Но город, торгующий, праздничный и прекрасный, имел и другие ипостаси: «В университете группа профессоров вела глубокое изучение Евангелия,— пишет Фиолетова.— Раз в неделю кто-нибудь из них выступал в кругу коллег со словом на евангельскую тему. В эту группу, кроме профессоров, входила и молодежь». Изучение Евангелия на факультете общественных наук проходило, конечно, тайно. Да и профессура, бежавшая в 1924–1925 годах из Москвы и Ленинграда в более мягкий политический климат Ташкента, где университет еще не потерял права избирать преподавателей, понимала, что доживает тут последние годы. С 1927 года на университет начался нажим, который закончился чисткой и закрытием факультетов общественных наук и востоковедения. Но, пока железная метла ГПУ окончательно не смела всех этих беглецов в тюрьмы и сибирские лагеря, интеллигенты пытались жить так, как им подсказывали их вкусы и совесть. Молодой, красивый, деятельный архимандрит Вениамин Троицкий, живший в вольной ссылке, основал небольшую общину в маленьком домике на Никольском шоссе. «В общине по воскресеньям и праздничным дням совершались богослужения. По праздникам сюда стекалось много народа послушать пение и молитвы». В городе, пишет Фиолетова, было много людей, которые искренне болели о делах веры, церкви. Среди таких называет она А. М. Муромцеву. «В этот дом,— добавляет Фиолетова,— хаживал и правящий Ташкентский епископ Лука. Его колоритную фигуру с посохом в правой руке и молитвенником, который он держал перед собой в левой, можно было нередко встретить, когда он утром отправлялся из своей квартиры на Учительской в Сергиевский собор».

После ссылки Войно-Ясенецкий стал частным лицом, как говорилось, лишенным епископской и университетской кафедр. Но науку или церковь не оставил. Как и прежде, Лука несколько часов ежедневно посвящал работе над рукописью «Гнойная хирургия», по воскресеньям и праздничным дням служил в церкви, а остальное время принимал больных. В немецких хирургических журналах (в те годы это еще допускалось) появилось несколько его специальных статей, которые подписывал он Bischop Lucas — Епископ Лука. Однако исцеление страждущих для него было главным.
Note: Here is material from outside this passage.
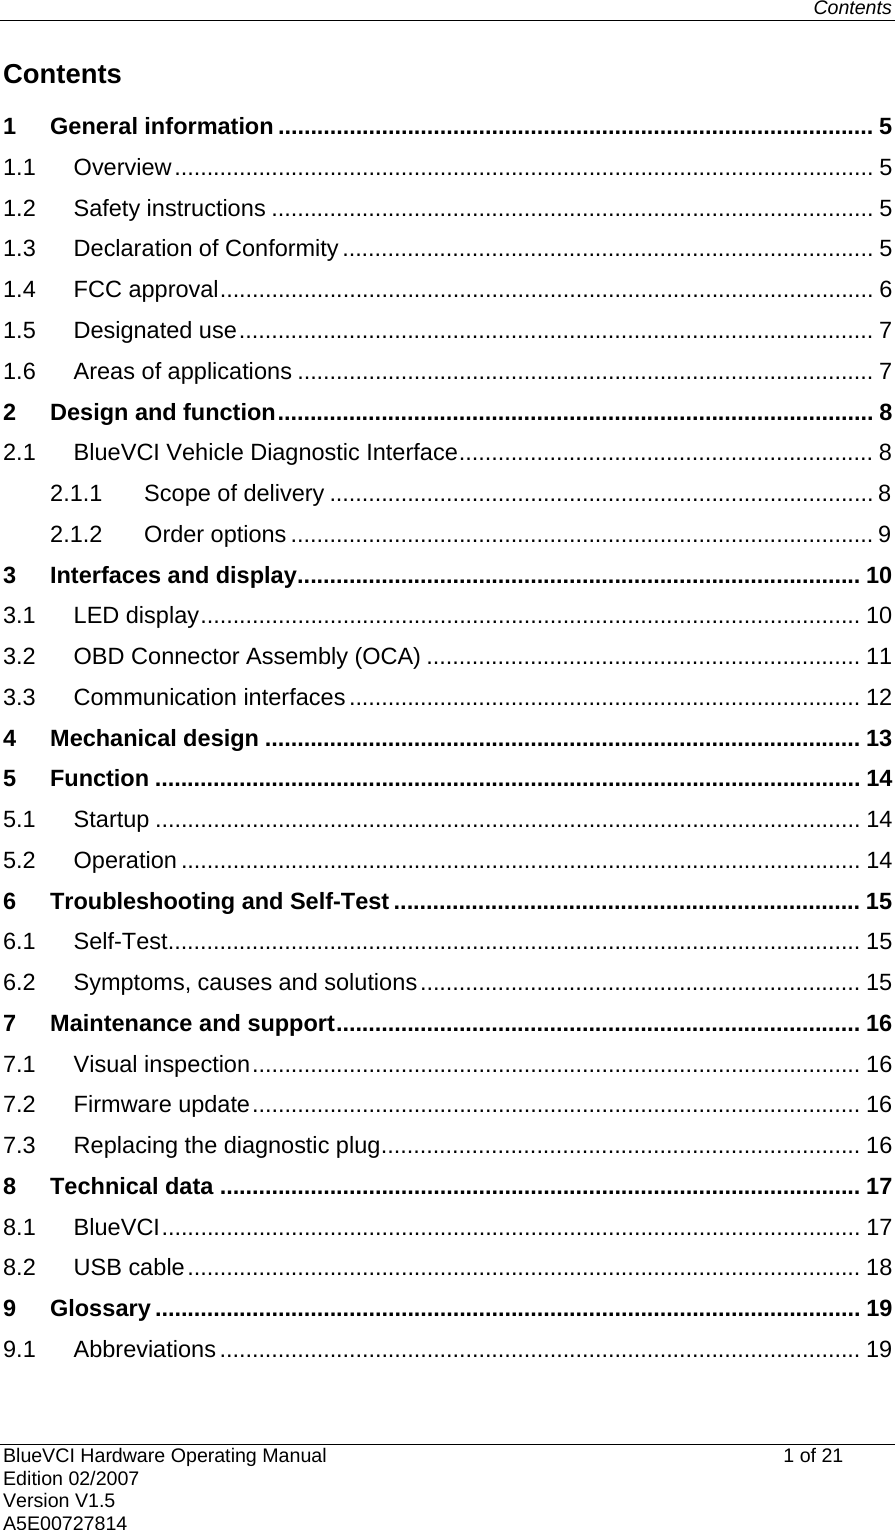 Contents   BlueVCI Hardware Operating Manual                                                   1 of 21 Edition 02/2007 Version V1.5 A5E00727814 Contents 1 General information ............................................................................................ 5 1.1 Overview............................................................................................................ 5 1.2 Safety instructions ............................................................................................. 5 1.3 Declaration of Conformity .................................................................................. 5 1.4 FCC approval..................................................................................................... 6 1.5 Designated use.................................................................................................. 7 1.6 Areas of applications ......................................................................................... 7 2 Design and function............................................................................................ 8 2.1 BlueVCI Vehicle Diagnostic Interface................................................................ 8 2.1.1 Scope of delivery .................................................................................... 8 2.1.2 Order options .......................................................................................... 9 3 Interfaces and display....................................................................................... 10 3.1 LED display...................................................................................................... 10 3.2 OBD Connector Assembly (OCA) ................................................................... 11 3.3 Communication interfaces ............................................................................... 12 4 Mechanical design ............................................................................................ 13 5 Function ............................................................................................................. 14 5.1 Startup ............................................................................................................. 14 5.2 Operation ......................................................................................................... 14 6 Troubleshooting and Self-Test ........................................................................ 15 6.1 Self-Test........................................................................................................... 15 6.2 Symptoms, causes and solutions.................................................................... 15 7 Maintenance and support................................................................................. 16 7.1 Visual inspection.............................................................................................. 16 7.2 Firmware update.............................................................................................. 16 7.3 Replacing the diagnostic plug.......................................................................... 16 8 Technical data ................................................................................................... 17 8.1 BlueVCI............................................................................................................ 17 8.2 USB cable........................................................................................................ 18 9 Glossary ............................................................................................................. 19 9.1 Abbreviations ................................................................................................... 19

Поселился он, как правильно указывает Н. Ю. Фиолетова, на Учительской, неподалеку от Сергиевской церкви. Снял небольшой домик в две комнаты с прихожей. До 1929 года вместе с ним жил Алексей. Младшие дети оставались с Велицкой. На Алексее лежала обязанность вести запись больных и следить за очередью. Раз в месяц в назначенный день юноша поднимался в пять утра. Его будил гул голосов под окнами. Там с ночи собиралась большая толпа. Открыв двери, он выходил к людям: начиналась запись на прием. Через полтора-два часа месячный список — более 400 больных — был готов. Принимал Войно-Ясенецкий 15–20 человек в день, держал больных в кабинете подолгу. Заранее было объявлено, что прием бесплатный. О воздаянии за врачебный труд Лука не хотел и слышать. Но больные хитрили: Алексей находил трехрублевки и пятерки то засунутыми под чернильный прибор, то оставленными в прихожей. Те, кто предпочитал делать подношения натурой, заходили на кухню и оставляли свои корзинки стряпухе. Об этих «заглазных» операциях профессор, равнодушный к бытовой стороне жизни, конечно, ничего не знал. Зато Софья Сергеевна получила возможность лучше кормить младших, да и старшим детям, за три года отцовской ссылки изрядно наголодавшимся, кое-что от этих даяний перепадало.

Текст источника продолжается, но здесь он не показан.